Dans le récit de Flores, la quête du bien-aimé est entamée par Flammette. Elle abandonne son mari et quitte son pays natal à la recherche de son amant Pamphile. Grimalte, craignant la perte de sa bien-aimée, décide de l’aider à accomplir sa quête et se met à son service. Il se comporte comme un chevalier fidèle et dévoué même après la mort de Flammette. En témoigne son duel avec Pamphile. Grimalte a effectué en ce sens deux quêtes: la première qui n’est pas la sienne et qui consiste à retrouver Flammette afin de la concilier avec Pamphile et une seconde recherche pour retrouver Pamphile et prendre revanche contre lui.

L’histoire se poursuit, après la mort de Flammette, et dévoile la volonté de Flores de mettre en avant l’aventure. Tel est le cas dans les deuxième et troisième récits des

Angoysses d’Hélisenne de Crenne. Il est à noter aussi que l’attitude de Grimalte rappelle

celle de Quezinstra qui se lance aussi dans une aventure qui n’est pas la sienne. Il décide de soutenir et d’accompagner Guenelic pour retrouver sa bien-aimée sans qu’il soit concerné. De plus, le mot de la fin est accordé à Grimalte et à Quezinstra. Ce qui produit un brouillage énonciatif déconcertant. Les Angoysses d’Hélisenne présentent Guenelic et Quezinstra comme les narrateurs des second et troisième livres ; mais elle rappelle au début de chaque récit qu’elle est la seule locutrice de l’œuvre. Cette polyphonie énonciative dissimule-t-elle une parodie du statut du narrateur/auteur ? L’accent est mis non pas sur celui qui narre mais sur l’histoire elle-même.

En outre, les Angoysses constituent une œuvre dialogique car elle fusionne deux voix. Elle accueille la parole de l’autre pour la combiner ou l’opposer à la voix du même afin de repenser le discours dans sa variété énonciative et dans sa littérarité sémantique. C’est dans cet entrecroisement entre l’autre et le même que la littérature s’enfante et se crée. Cette combinaison permet aussi de repenser le statut de l’auteur qui, en reproduisant un texte antérieur, le remanie et le rend sien. Il se peut qu’Hélisenne de Crenne cherche à acquérir une autorité auctoriale par l’imitation des récits antérieurs. Nous tenterons de montrer si ce processus d’intertextualité lui a permis de s’approprier progressivement une voix féminine autonome et indépendante. Si la Flammette de Boccace a cherché la sympathie et la compassion des femmes amoureuses, Hélisenne de Crenne les a incitées, à la fin du troisième récit, à la résistance et au repentir pour résister à cette passion adultérine.

Telle Hélisenne, Guenelic doit résister à sa passion sensuelle.

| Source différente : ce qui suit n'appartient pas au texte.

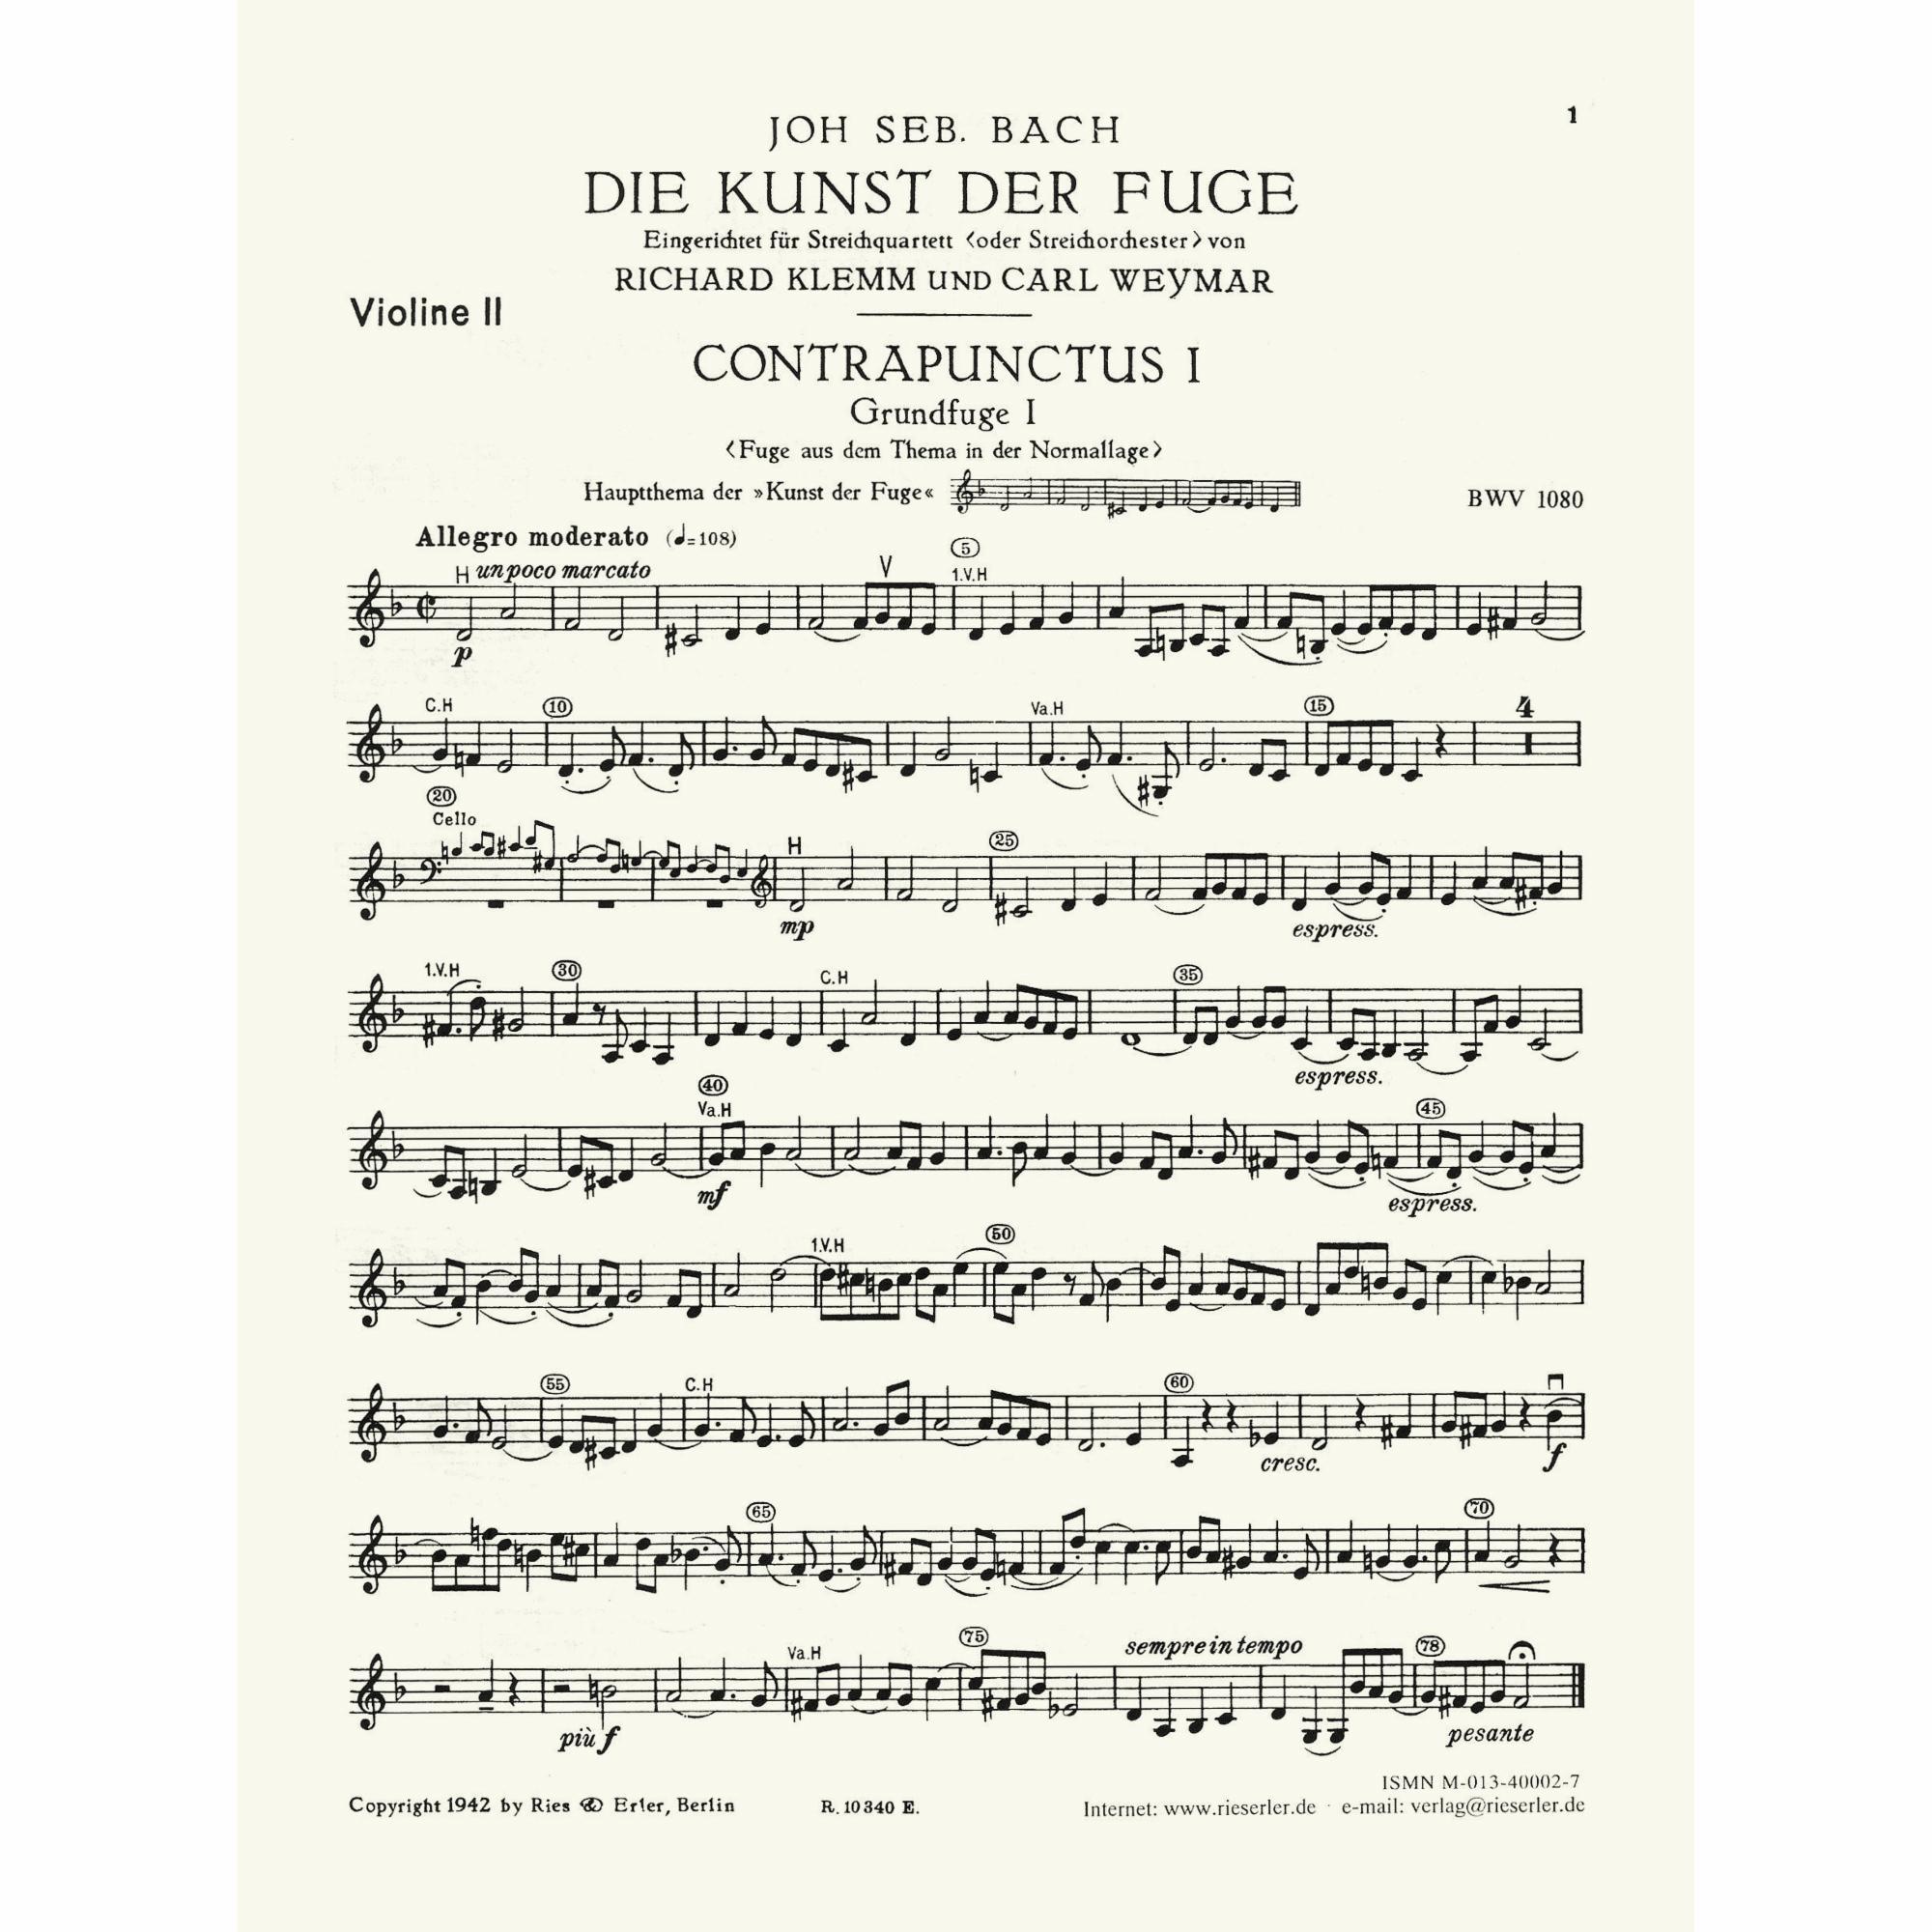 Sample: Violin II (Pg. 1)

Pour l’initier et le former en matière d’amour, l’héroïne consigne sur papier, à la fin du premier récit, son tourment et ses angoisses pour qu’il vienne la chercher et la délivrer. Guenelic est alors invité, au second récit, à accomplir un long voyage pour retrouver explicitement sa bien-aimée et pour ressaisir implicitement le vrai sens de l’amour. Il s’agit d’un pèlerinage spatial et mnémonique à travers lequel Guenelic doit se purifier l’âme. Ce parcours spirituel renvoie bel et bien à une autre œuvre antérieure de l’italien Jacopo Caviceo : Il

Peregrino (1508). Hélisenne de Crenne s’inspire donc du voyage initiatique de Pérégrin,

narrant ses pérégrinations et sa quête de sa bien-aimée Genèvre.